In the previous code snippet the then and else branches are indented. This indentation is optional though, and is merely a code convention. The java lexer and parser couldn’t care less if it is there or not. The bloc boundaries are marked with the opening and closing braces. So the following code snippet is strictly equivalent:

if (n > 0) {
int x = 10 / n;
System.out.print("Ohai");  
} else {
throw new Exception();
}

or even:

if (n > 0) {int x = 10 / n;System.out.print("Ohai");} else {throw new Exception();}

This hurts the code readability, but doesn’t change anything from the compiler’s perspective. This won’t be the case with Litil. As said earlier, indentation level controls the blocs boundaries.

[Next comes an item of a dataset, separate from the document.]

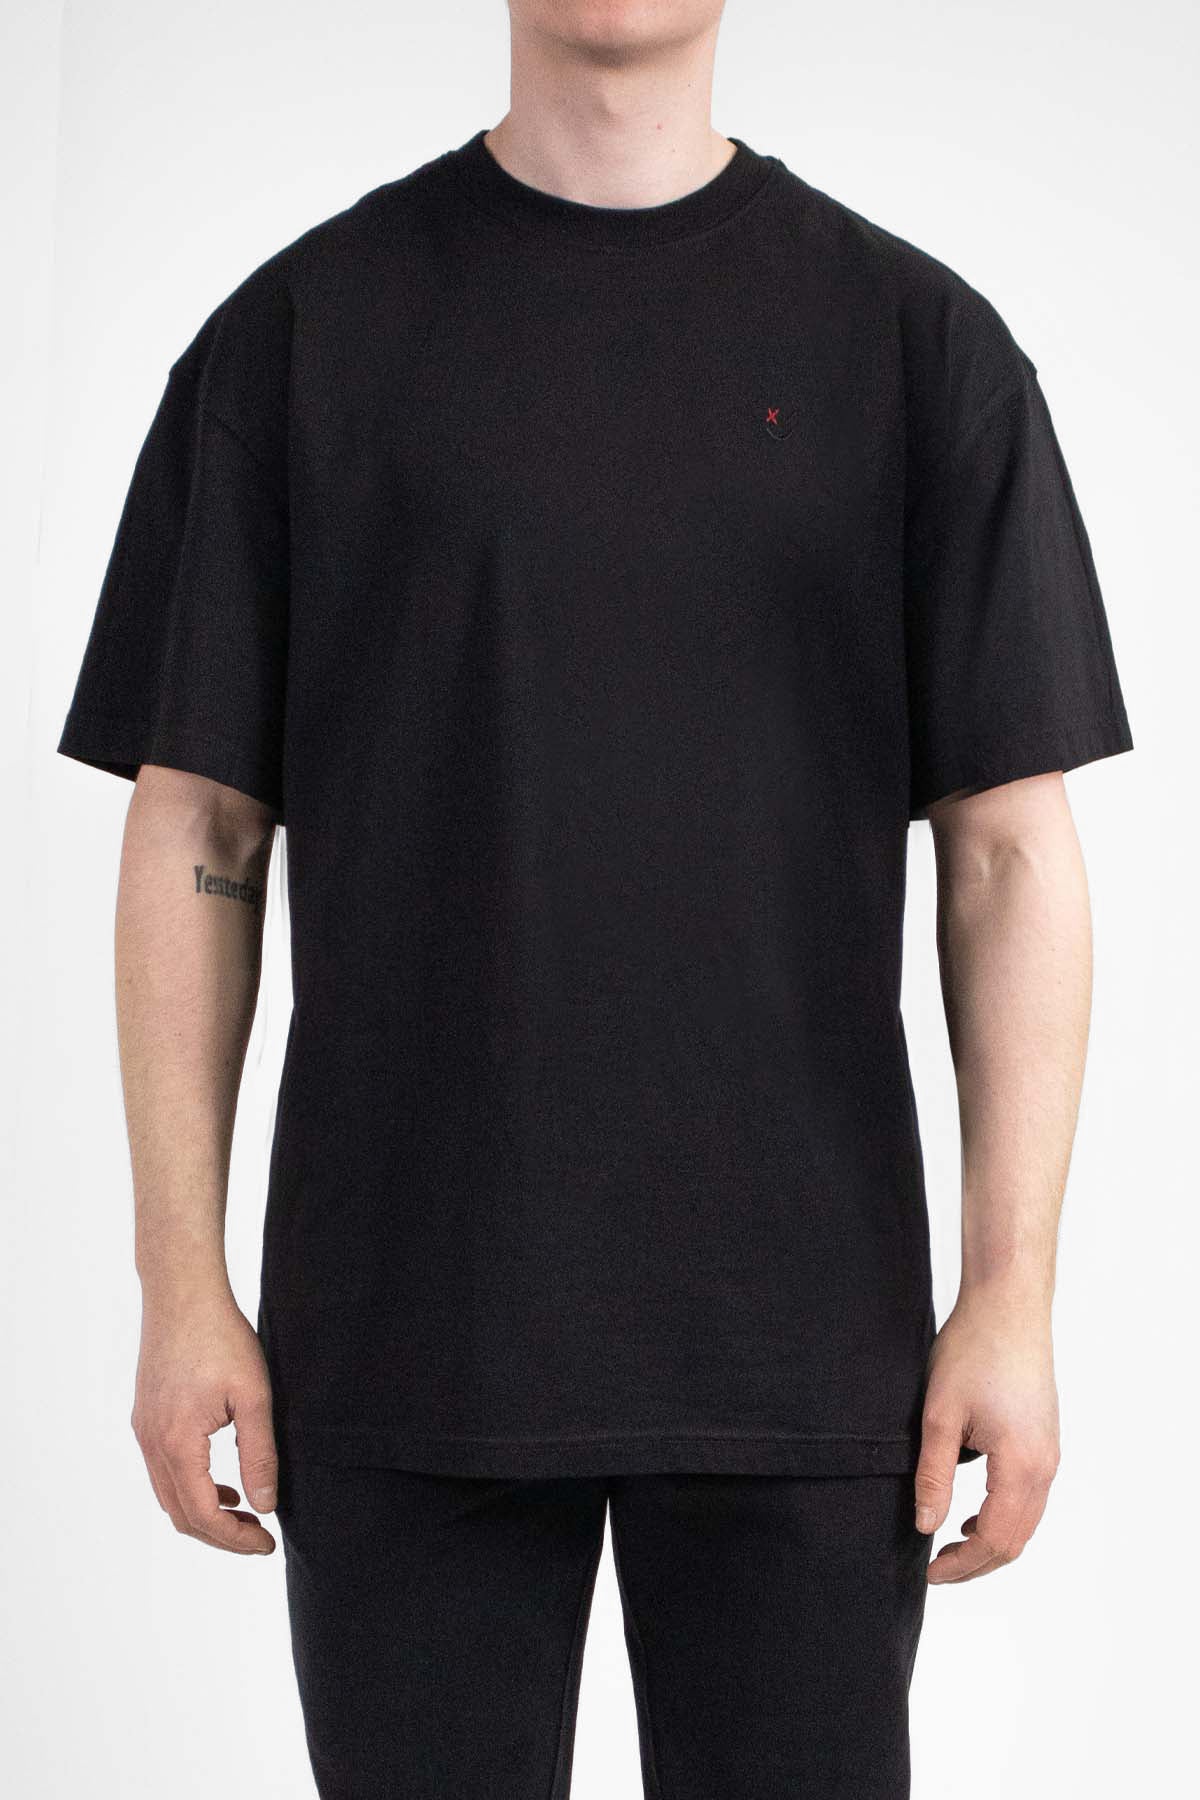 X RELAXED TEE

Also, whereas in Java the ; is used to separate the statements in the same bloc, Litil uses the line breaks instead. So ; are not just optional in Litil (like in Javascript for example). They aren’t even recognised as a valid symbol. The rationale behind this choice was to create a clean and clutter-free syntax. We’ll cover the syntax in more detail in upcoming posts, but here’s a quick primer on the syntax:

No braces to mark blocs
No ; to separate instructions
No parentheses around function arguments: sin 5
No parentheses around if conditions.
etc.

In a nutshell, the lexer we’ll be developing won’t completely ignore whitespace. It should rather produce tokens for line breaks (to indicate the end of an instruction) and for line indentations (to indicate an increase or a decrease in indentation level).

Implementation

We’ll start with the Token definition:

public class Token {
    public enum Type {
        NEWLINE, INDENT, DEINDENT, NAME, NUM, STRING, CHAR, SYM, BOOL, KEYWORD, EOF
    }
    public final Type type;
    public final String text;
    public final int row, col;

    public Token(Type type, String text, int row, int col) {
        this.type = type;
        this.text = text;
        this.row = row;
        this.col = col;
    }
}

A token is defined by:

type:
- NEWLINE: to indicate a line breaks
- INDENT: to indicate that the indentation level increased relative to the previous line, and thus marks the start of a new bloc
- DEINDENT: to indicate that the indentation level decreased relative to the previous line, and thus marks the bloc end
- NAME: used for identifiers
- NUM, STRING, CHAR, BOOL: used for literals
- KEYWORD: used for keywords
- EOF: produced when the end of the source text is reached
text: a string containing the token’s textual value
row et col: the token’s position in the source file

Here’s now the lexer’s interface:

public interface Lexer {
    Token pop() throws LexingException;

    String getCurrentLine();
}

This interface defines 2 methods:

pop: returns the next token
getCurrentLine: returns the current line in the source file

Notice that there’s no method that indicates if there are still more tokens in the source file. Rather, when the lexer reaches the end of the source file, it generates an EOF token. So I deemed it unnecessary to add another method, à la iterator’s hasNext to keep the interface minimal.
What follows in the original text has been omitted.